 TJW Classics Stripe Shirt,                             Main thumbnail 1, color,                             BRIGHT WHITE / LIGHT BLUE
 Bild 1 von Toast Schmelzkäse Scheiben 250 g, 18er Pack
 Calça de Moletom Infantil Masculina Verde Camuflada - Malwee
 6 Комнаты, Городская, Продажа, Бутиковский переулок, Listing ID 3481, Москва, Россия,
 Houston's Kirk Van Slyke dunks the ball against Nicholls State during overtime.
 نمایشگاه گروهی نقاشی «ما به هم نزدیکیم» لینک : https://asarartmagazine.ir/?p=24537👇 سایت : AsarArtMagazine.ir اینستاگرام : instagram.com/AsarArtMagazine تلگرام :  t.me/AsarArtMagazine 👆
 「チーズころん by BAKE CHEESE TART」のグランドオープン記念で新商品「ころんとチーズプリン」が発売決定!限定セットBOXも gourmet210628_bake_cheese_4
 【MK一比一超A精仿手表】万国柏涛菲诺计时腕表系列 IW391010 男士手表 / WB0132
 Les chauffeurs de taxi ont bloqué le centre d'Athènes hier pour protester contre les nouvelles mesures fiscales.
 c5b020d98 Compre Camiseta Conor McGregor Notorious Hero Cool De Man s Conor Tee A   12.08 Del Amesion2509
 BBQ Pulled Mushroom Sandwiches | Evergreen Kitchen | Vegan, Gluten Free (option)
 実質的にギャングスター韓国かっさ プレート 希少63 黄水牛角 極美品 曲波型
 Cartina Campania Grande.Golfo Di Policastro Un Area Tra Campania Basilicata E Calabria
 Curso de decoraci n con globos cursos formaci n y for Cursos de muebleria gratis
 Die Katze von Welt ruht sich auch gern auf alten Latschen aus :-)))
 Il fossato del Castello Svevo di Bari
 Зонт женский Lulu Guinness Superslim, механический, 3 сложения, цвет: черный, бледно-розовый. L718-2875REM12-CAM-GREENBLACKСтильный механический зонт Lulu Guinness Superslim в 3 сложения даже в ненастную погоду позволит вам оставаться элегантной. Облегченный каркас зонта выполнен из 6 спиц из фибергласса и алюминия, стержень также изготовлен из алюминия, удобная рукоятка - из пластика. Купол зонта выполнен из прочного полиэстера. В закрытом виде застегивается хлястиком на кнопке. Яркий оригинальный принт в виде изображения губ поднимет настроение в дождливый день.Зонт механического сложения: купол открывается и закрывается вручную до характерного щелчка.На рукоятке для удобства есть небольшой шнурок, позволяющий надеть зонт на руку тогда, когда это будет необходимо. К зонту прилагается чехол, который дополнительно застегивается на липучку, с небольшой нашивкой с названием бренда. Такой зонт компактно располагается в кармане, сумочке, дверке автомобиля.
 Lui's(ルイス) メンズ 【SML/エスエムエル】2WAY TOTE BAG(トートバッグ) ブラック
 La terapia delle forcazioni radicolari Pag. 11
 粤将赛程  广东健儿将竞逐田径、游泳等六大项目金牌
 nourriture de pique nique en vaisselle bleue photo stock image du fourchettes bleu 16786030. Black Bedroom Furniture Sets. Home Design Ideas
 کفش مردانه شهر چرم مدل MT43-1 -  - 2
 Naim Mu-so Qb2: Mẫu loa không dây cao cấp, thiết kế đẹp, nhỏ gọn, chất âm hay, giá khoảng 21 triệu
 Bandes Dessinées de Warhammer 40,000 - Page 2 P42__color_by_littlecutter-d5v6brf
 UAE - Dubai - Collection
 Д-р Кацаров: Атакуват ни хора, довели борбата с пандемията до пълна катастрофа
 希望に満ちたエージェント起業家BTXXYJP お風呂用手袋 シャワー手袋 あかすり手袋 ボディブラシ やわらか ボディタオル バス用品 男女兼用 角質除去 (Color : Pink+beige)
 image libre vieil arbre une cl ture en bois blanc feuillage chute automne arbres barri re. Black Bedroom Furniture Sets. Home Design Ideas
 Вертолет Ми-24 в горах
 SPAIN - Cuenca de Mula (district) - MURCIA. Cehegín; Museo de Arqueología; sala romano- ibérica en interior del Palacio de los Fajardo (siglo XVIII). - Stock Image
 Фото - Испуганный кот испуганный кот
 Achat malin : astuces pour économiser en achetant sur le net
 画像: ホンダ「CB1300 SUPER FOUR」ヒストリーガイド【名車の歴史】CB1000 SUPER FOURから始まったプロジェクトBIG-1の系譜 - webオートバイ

****************

▶ [What you will do]:
Would you print exactly, and only, the lines of the data above from the line with "Houston's Kirk Van" through the line with "Il fossato del Castello Svevo di Bari", inclusive?

▶ [Output of the task]:
 Houston's Kirk Van Slyke dunks the ball against Nicholls State during overtime.
 نمایشگاه گروهی نقاشی «ما به هم نزدیکیم» لینک : https://asarartmagazine.ir/?p=24537👇 سایت : AsarArtMagazine.ir اینستاگرام : instagram.com/AsarArtMagazine تلگرام :  t.me/AsarArtMagazine 👆
 「チーズころん by BAKE CHEESE TART」のグランドオープン記念で新商品「ころんとチーズプリン」が発売決定!限定セットBOXも gourmet210628_bake_cheese_4
 【MK一比一超A精仿手表】万国柏涛菲诺计时腕表系列 IW391010 男士手表 / WB0132
 Les chauffeurs de taxi ont bloqué le centre d'Athènes hier pour protester contre les nouvelles mesures fiscales.
 c5b020d98 Compre Camiseta Conor McGregor Notorious Hero Cool De Man s Conor Tee A   12.08 Del Amesion2509
 BBQ Pulled Mushroom Sandwiches | Evergreen Kitchen | Vegan, Gluten Free (option)
 実質的にギャングスター韓国かっさ プレート 希少63 黄水牛角 極美品 曲波型
 Cartina Campania Grande.Golfo Di Policastro Un Area Tra Campania Basilicata E Calabria
 Curso de decoraci n con globos cursos formaci n y for Cursos de muebleria gratis
 Die Katze von Welt ruht sich auch gern auf alten Latschen aus :-)))
 Il fossato del Castello Svevo di Bari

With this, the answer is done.